Across the Asia-Pacific, countries such as Japan and India stand to benefit from drastically lower oil prices, since many of them are net energy importers. The benefits will not be evenly distributed, of course, and there will be downsides. But some investors are betting that the new normal in energy markets will boost growth in many of Asia's emerging markets, as well as the region's more mature economies, and give policy-makers greater political leeway as they implement tough, but needed, structural reforms.

"These economies are going to prosper," says David Kunselman, a senior portfolio manager with Excel Investment Counsel Inc., which has about $250-million invested in India. "And you'll see Calgary and other parts of the world suffer – I shouldn't say suffer, but go in a different direction."

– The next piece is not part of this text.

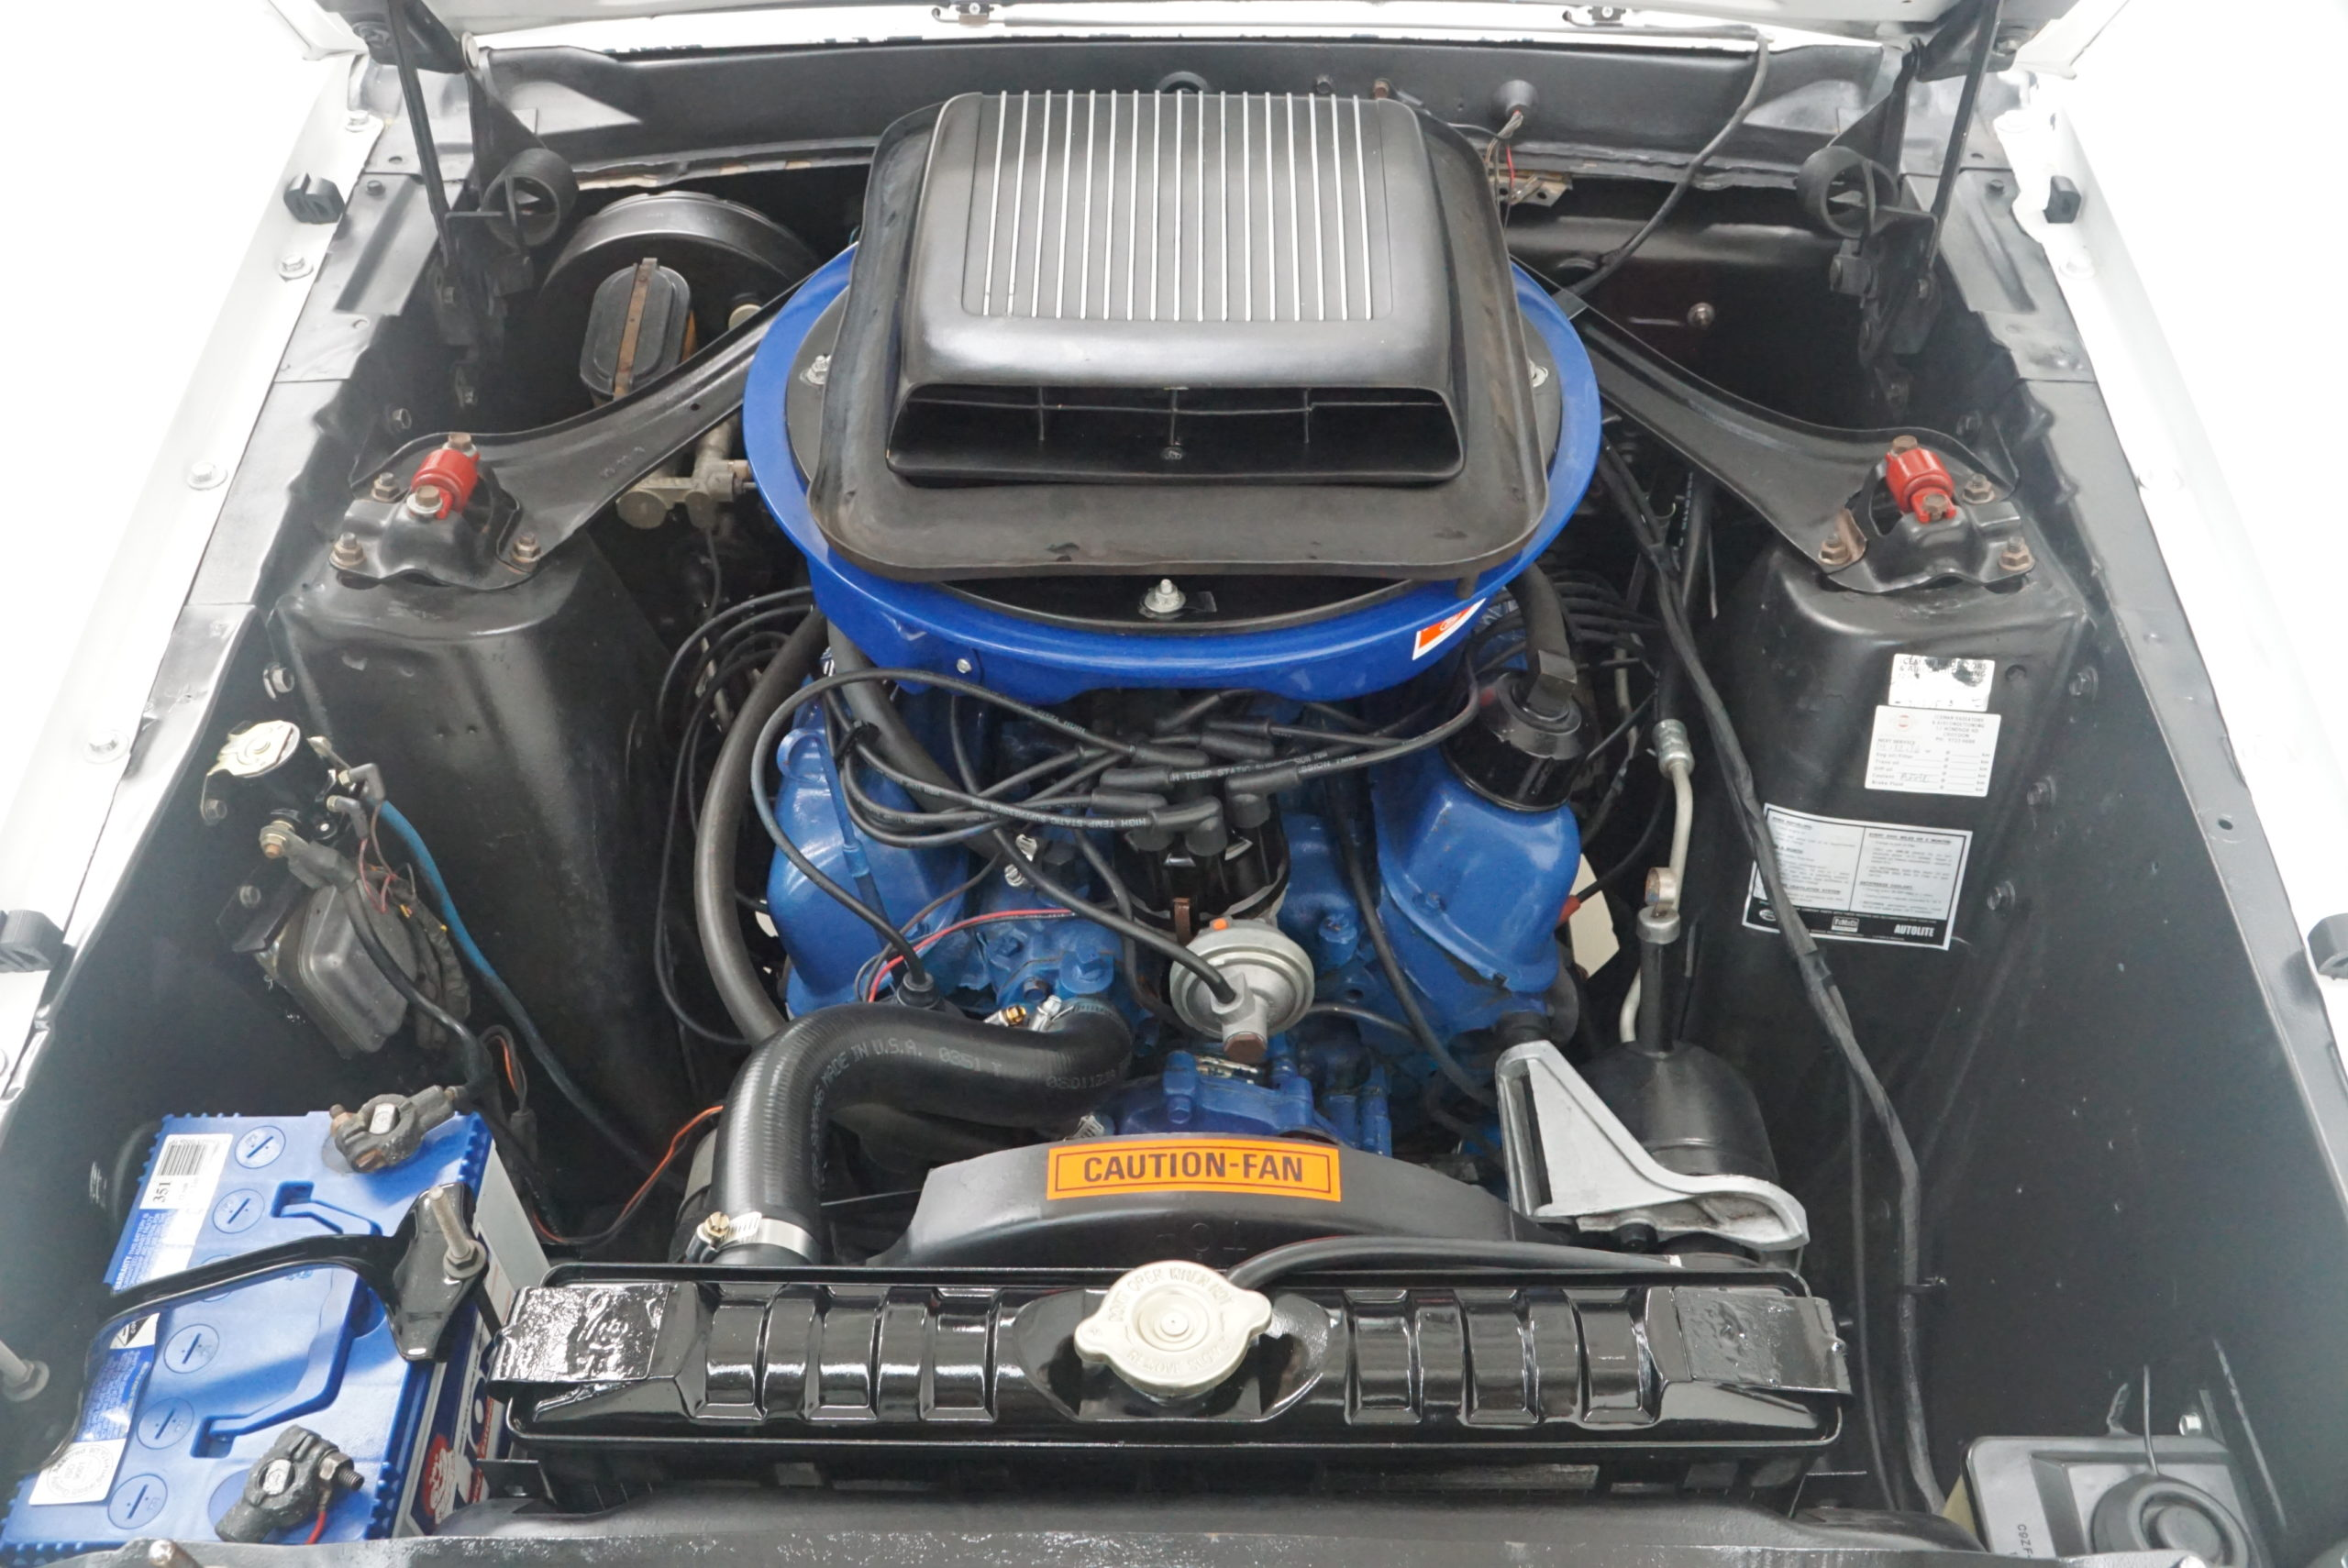 1969 Ford Mustang Boss 302 Tribute Fastback moteur vue de face - Shannons Auctions avril 2021.

Japan, for instance, pays about $250-billion annually for energy imports – a cost that has only gone up since it shuttered its nuclear reactors in the wake of the Fukushima disaster. Prime Minister Shinzo Abe has taken on record levels of debt as he tries to revive Japan's stagnating economy and faces political opposition to restarting the reactors. Paying less for oil and gas imports will help his newly re-elected government, even as it lowers energy costs for consumers struggling with Japan's new inflation.

"The short-term benefits are obvious," says Tom O'Sullivan, the founder of Mathyos Energy, an independent energy consultancy based in Tokyo.

The manufacturing export powerhouse of South Korea, too, is a huge net importer of oil and gas: Roughly 97 per cent of its primary energy demand comes from energy imports, according to the U.S. Energy Information Administration, with almost all of it arriving by tanker shipments of crude oil and liquefied natural gas (LNG).

Several countries, such as India and Indonesia, are not only net importers but also heavily subsidize fuel costs. Indonesia, for example, has spent as much as 20 per cent of its national budget on making energy cheaper for its enormous population. Many observers criticize this as wasteful, untargeted spending, since it not only needlessly subsidizes wealthy car owners, but also leads to market distortions such as people buying cheap gasoline in Indonesia and selling it at a profit in nearby Singapore.

For newly elected leaders in India – the world's third-biggest importer of oil, after overtaking Japan last year – and Indonesia, the fall in oil prices will cushion the political backlash from moving to cut these subsidies. Joko Widodo, Indonesia's newly elected President, raised fuel prices shortly after his inauguration in October. Indian Prime Minister Narendra Modi, elected last May, used the falling price of oil to loosen state control of diesel prices and raise tariffs on natural gas.

Mr. Kunselman says lower energy prices will also have positive ripple effects throughout the Indian economy – keeping food transportation costs down and lowering the price of key vegetables such as onions.

The falling oil prices also give many emerging Asian economies a more positive current account balance, and give policy-makers leeway to cut interest rates. India's central bank governor, Raghuram Rajan, took advantage of lower inflation last week to cut the key repo rate by 25 basis points, bringing it to 7.75 per cent in a bid to spur growth.

There are downsides to lower oil. Malaysia, as the world's second-largest exporter of LNG and the second-largest oil producer in Southeast Asia, will suffer a drastic drop in revenues for state-owned energy firms such as Petronas – which has billion of dollars invested in British Columbia's nascent LNG export industry. In Australia, where multiple LNG export terminals are under construction, lower oil revenues for the oil majors building them – combined with lower LNG prices expected as a result of looming oversupply – could sap enthusiasm for these projects, which are already experiencing huge cost overruns. The same could hold true for Canada's west coast, where projects are in even earlier stages of development.

And Mr. O'Sullivan notes that Japan had been working toward greater energy efficiency and was starting to develop its renewable energy sector, efforts he suggests will falter as the cost of oil removes the pressure to act in these areas.